Problem requirements:
Look below for the line that contains "API release strategies with API Gateway" and the line that contains "HEX #E5DFCD Pueblo", then restate both of them and every line in between, exactly. No picture goes in the copy.

Dataset extract:
+ + +

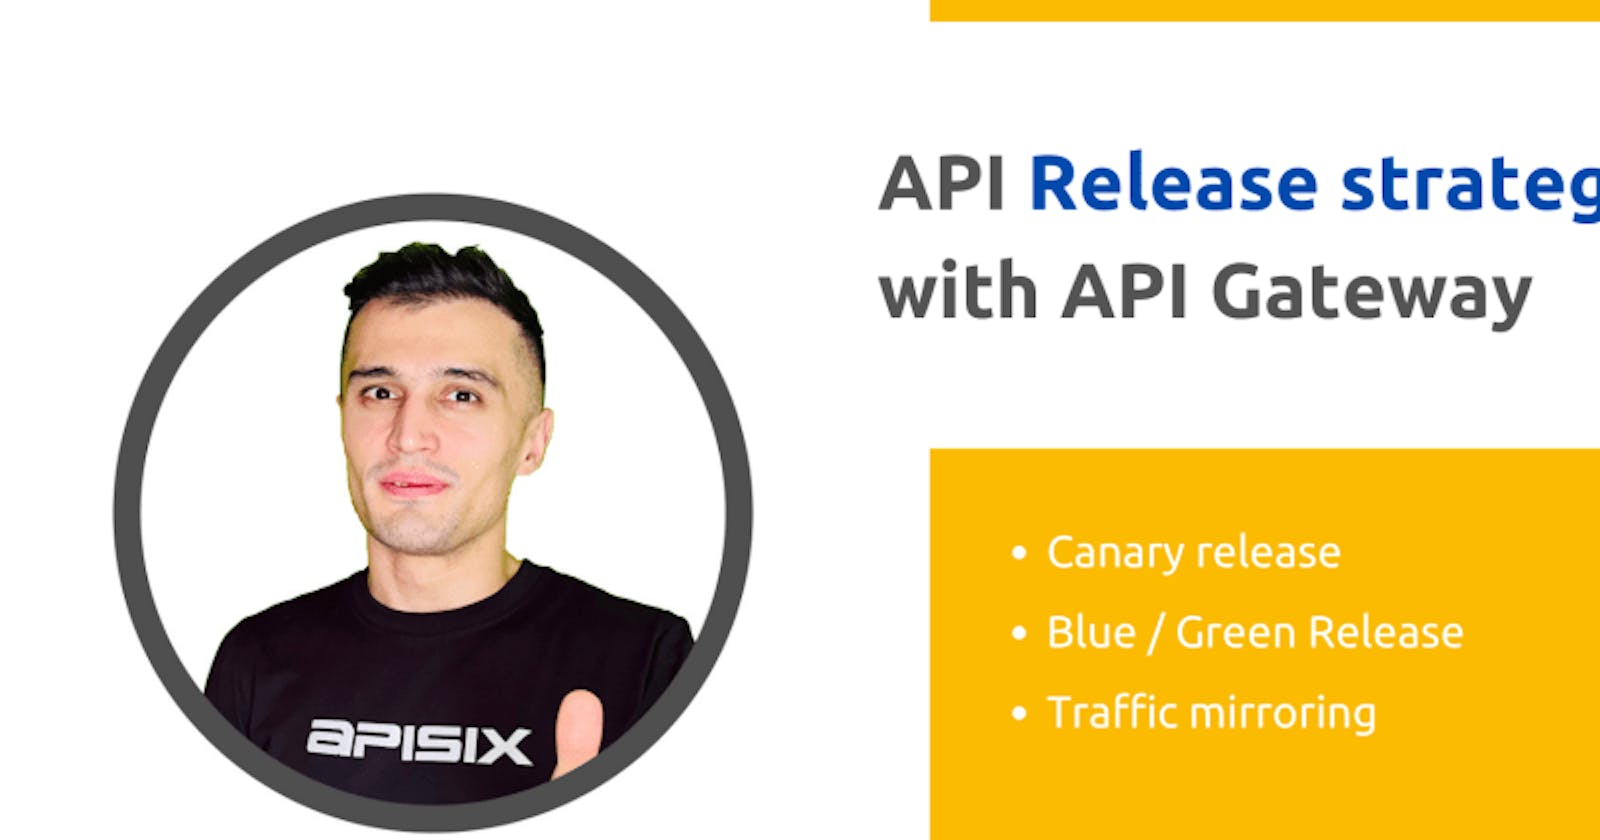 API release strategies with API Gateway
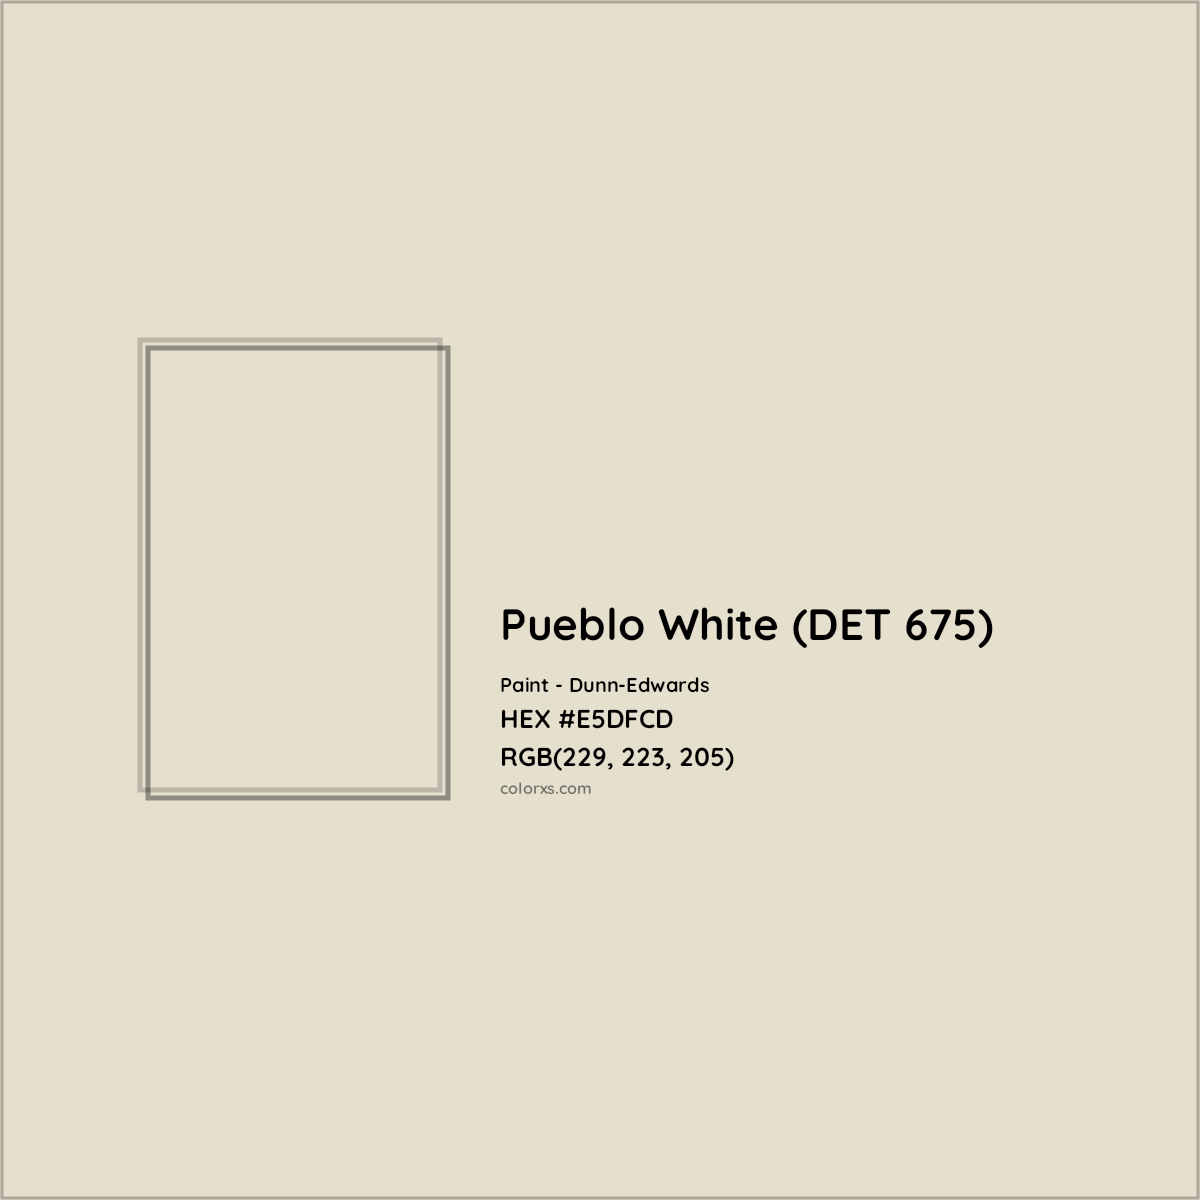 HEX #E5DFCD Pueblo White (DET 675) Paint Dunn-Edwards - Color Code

+ + +

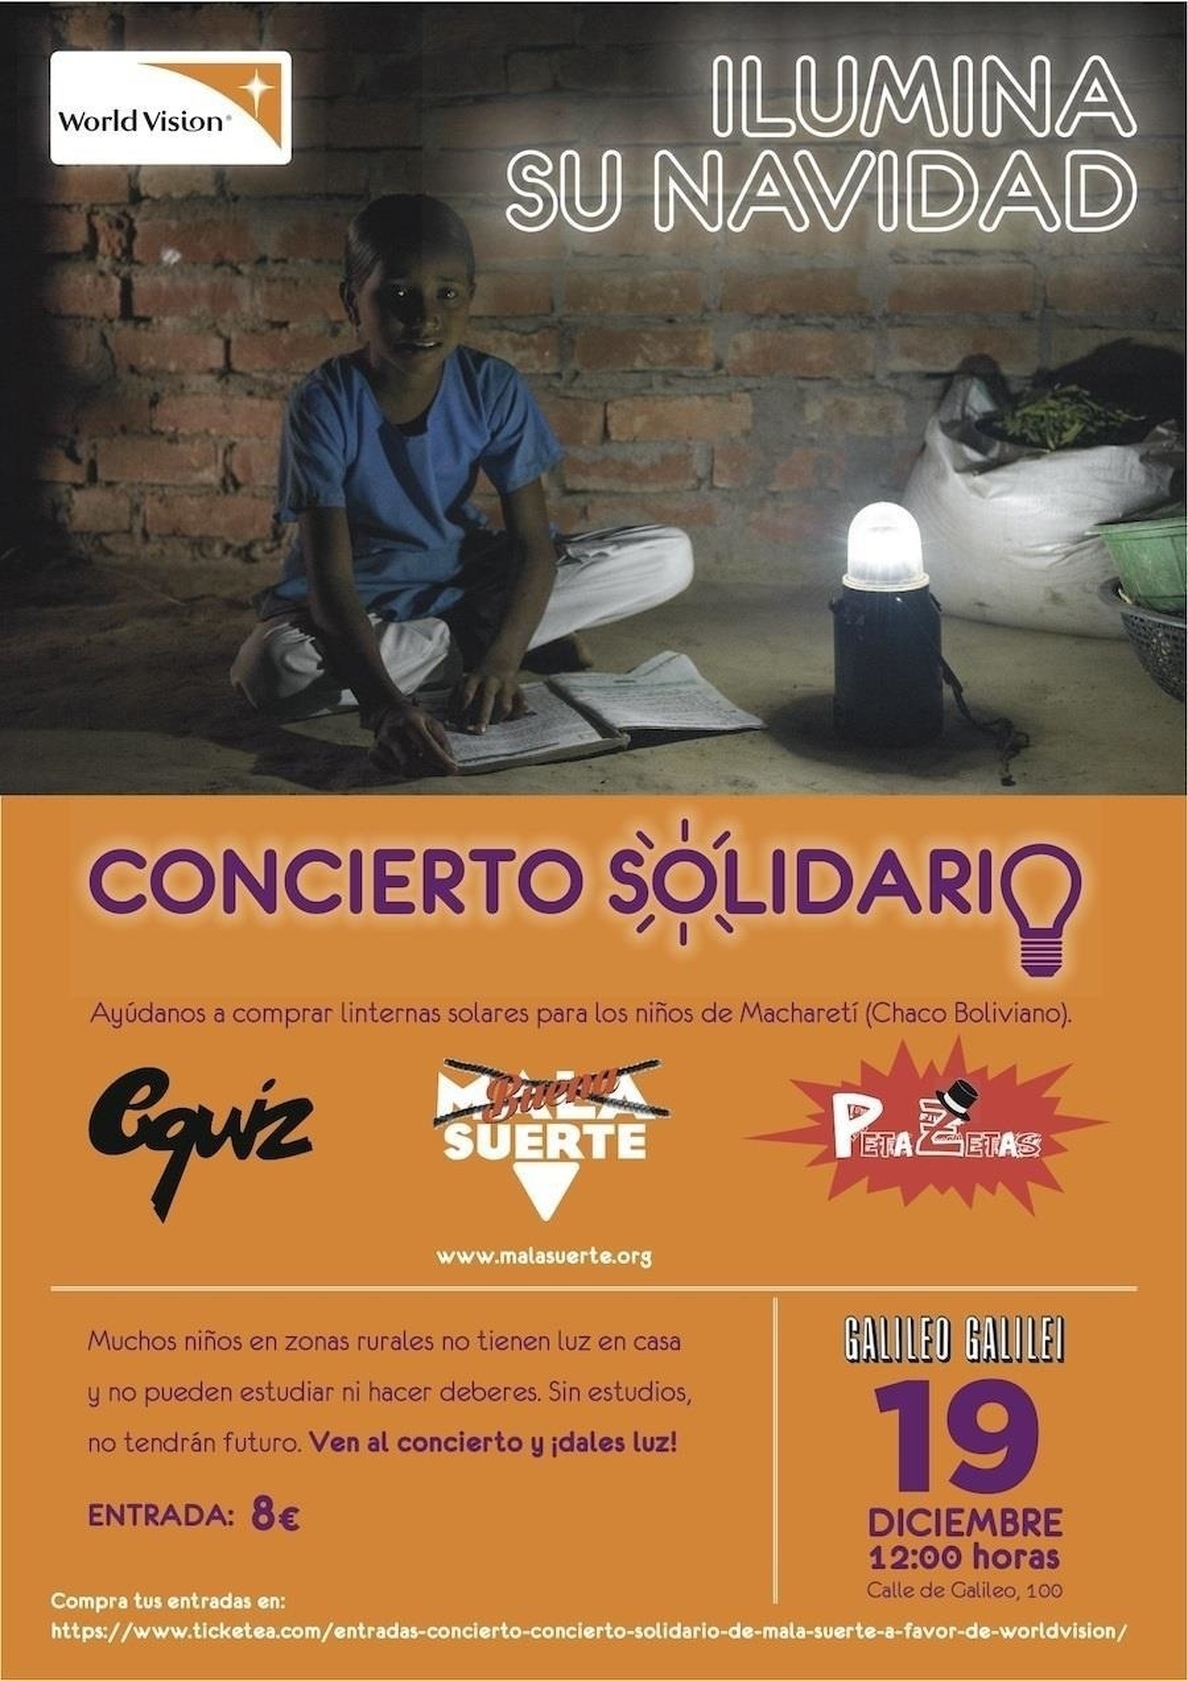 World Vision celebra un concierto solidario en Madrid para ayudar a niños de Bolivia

+ + +

Output of the task:
 API release strategies with API Gateway
 HEX #E5DFCD Pueblo White (DET 675) Paint Dunn-Edwards - Color Code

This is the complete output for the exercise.